All-Purpose Gluten Free, Soy Free Flour Mix – From Gluten-Free Cooking Cooking School 

3 parts brown rice flour
3 parts cornstarch
2 parts sorghum flour
1 part masa harina or corn flour 

When baking gluten-free,  it’s likely you’ll need to add xanthan gum or guar gum to the recipe for the “elastic” quality that simulates normal consistency of baked goods-unless of course, the mix already has this added to it. (If you use a commercially made mix, check the package prior to using it in a recipe, as you definitely do NOT want to accidentally double or delete this ingredient.) 

It’s wise to keep some on hand for converting regular recipes. I opt for xanthan in my home. Though it seems pricey, a little goes a long, long way…A word to the wise- you’ll seriously ruin your baked goods by overdoing the xanthan or guar gum inclusions.
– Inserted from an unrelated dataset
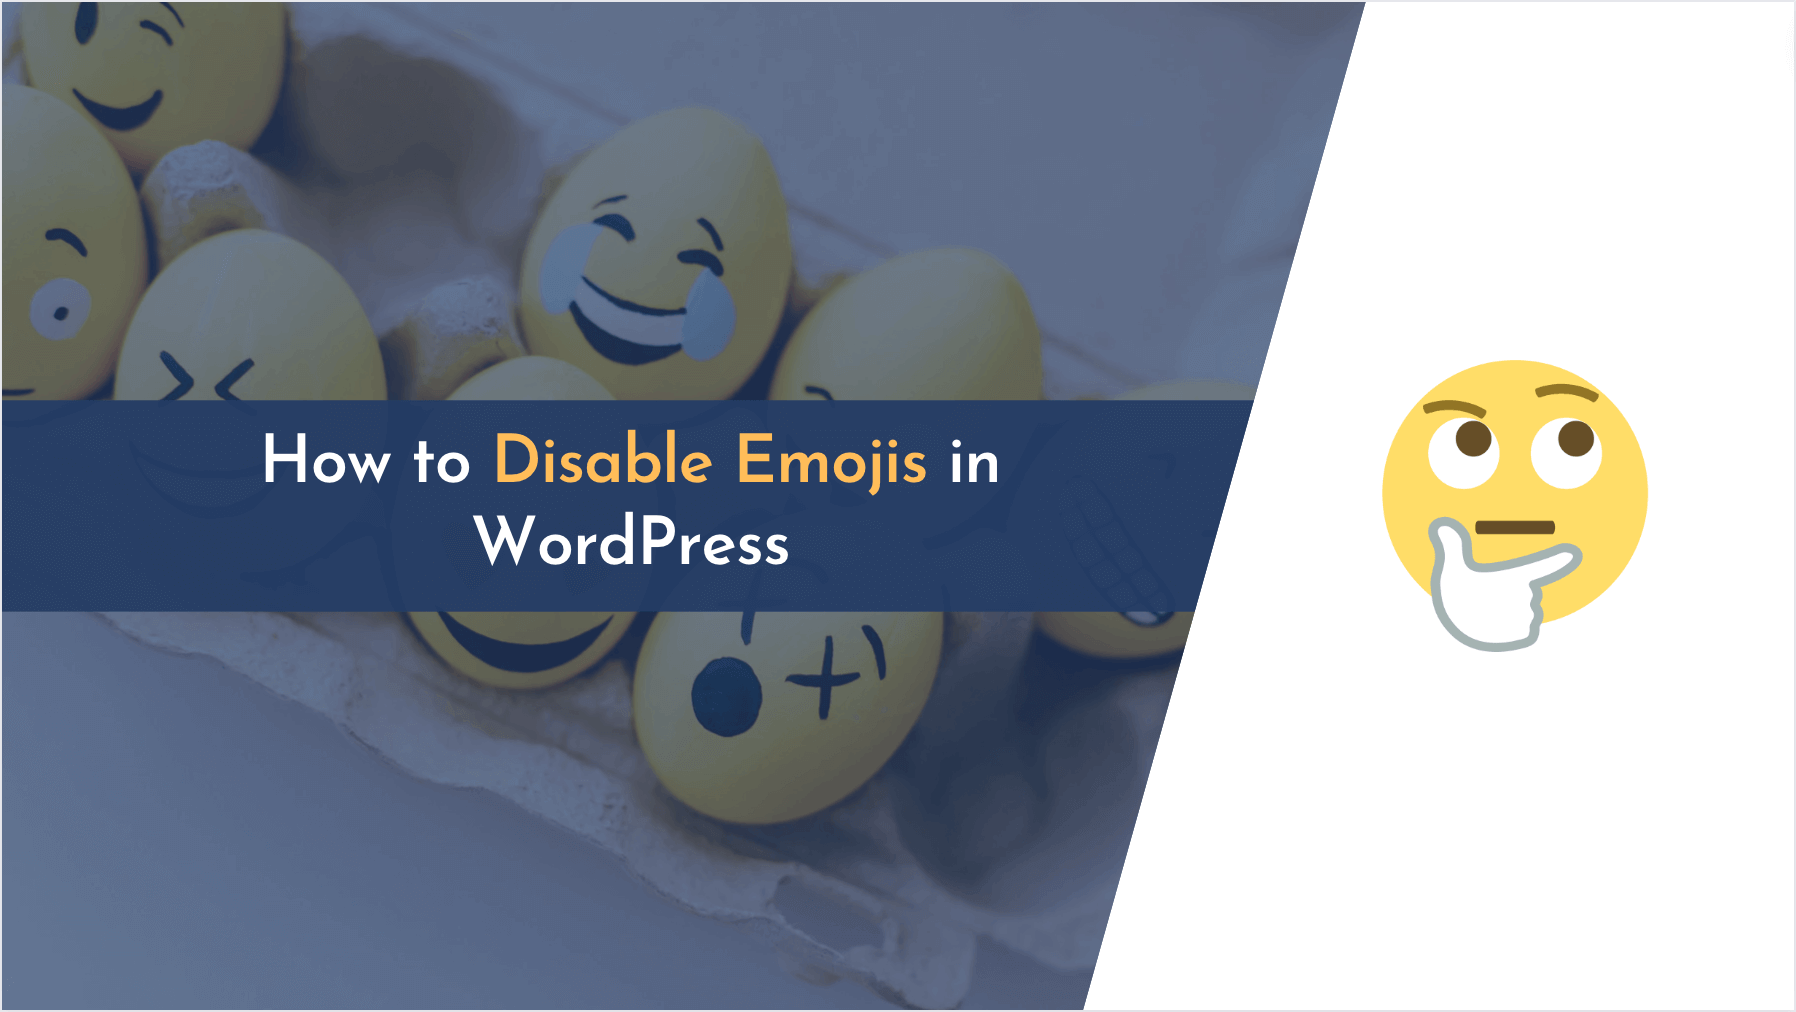 disable emoji file in wordpress, disable emojis, disable emojis wordpress, wordpress disable emojis
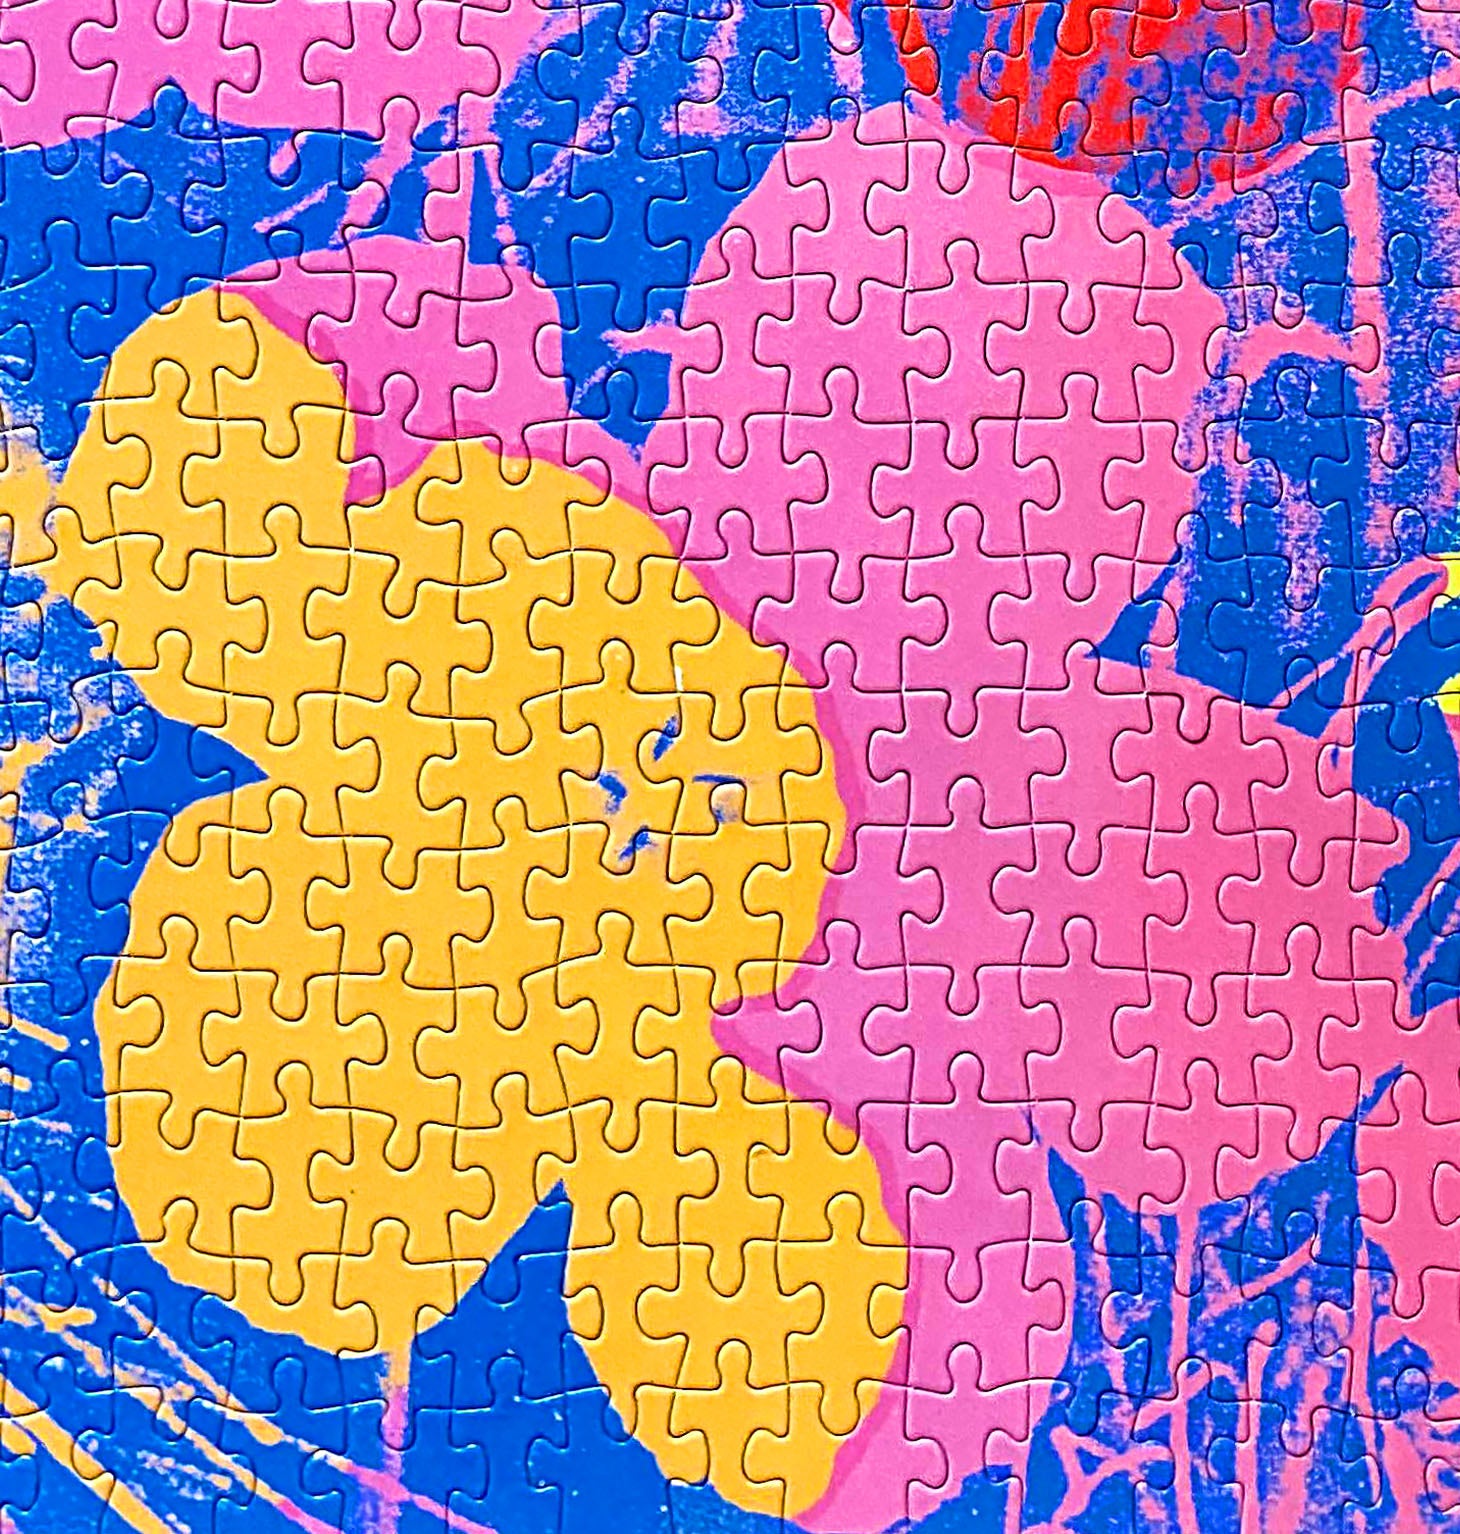 500-piece Andy Warhol Flowers Jigsaw Puzzle

I added 1 tsp instead of 1/2 tsp (doubling it by mistake) only to find my cookies were…almost “slimy” (eewwww).  Thankfully, it’s a texture you don’t experience much in the kitchen otherwise.  We don’t like guar gum here, because it’s got some interesting laxative properties that only exacerbate some people’s existing digestive issues – but it might work for you and not offer the same ill effects it does here. As a rule of thumb, you can usually replace one for the other in the exact quantities specified.  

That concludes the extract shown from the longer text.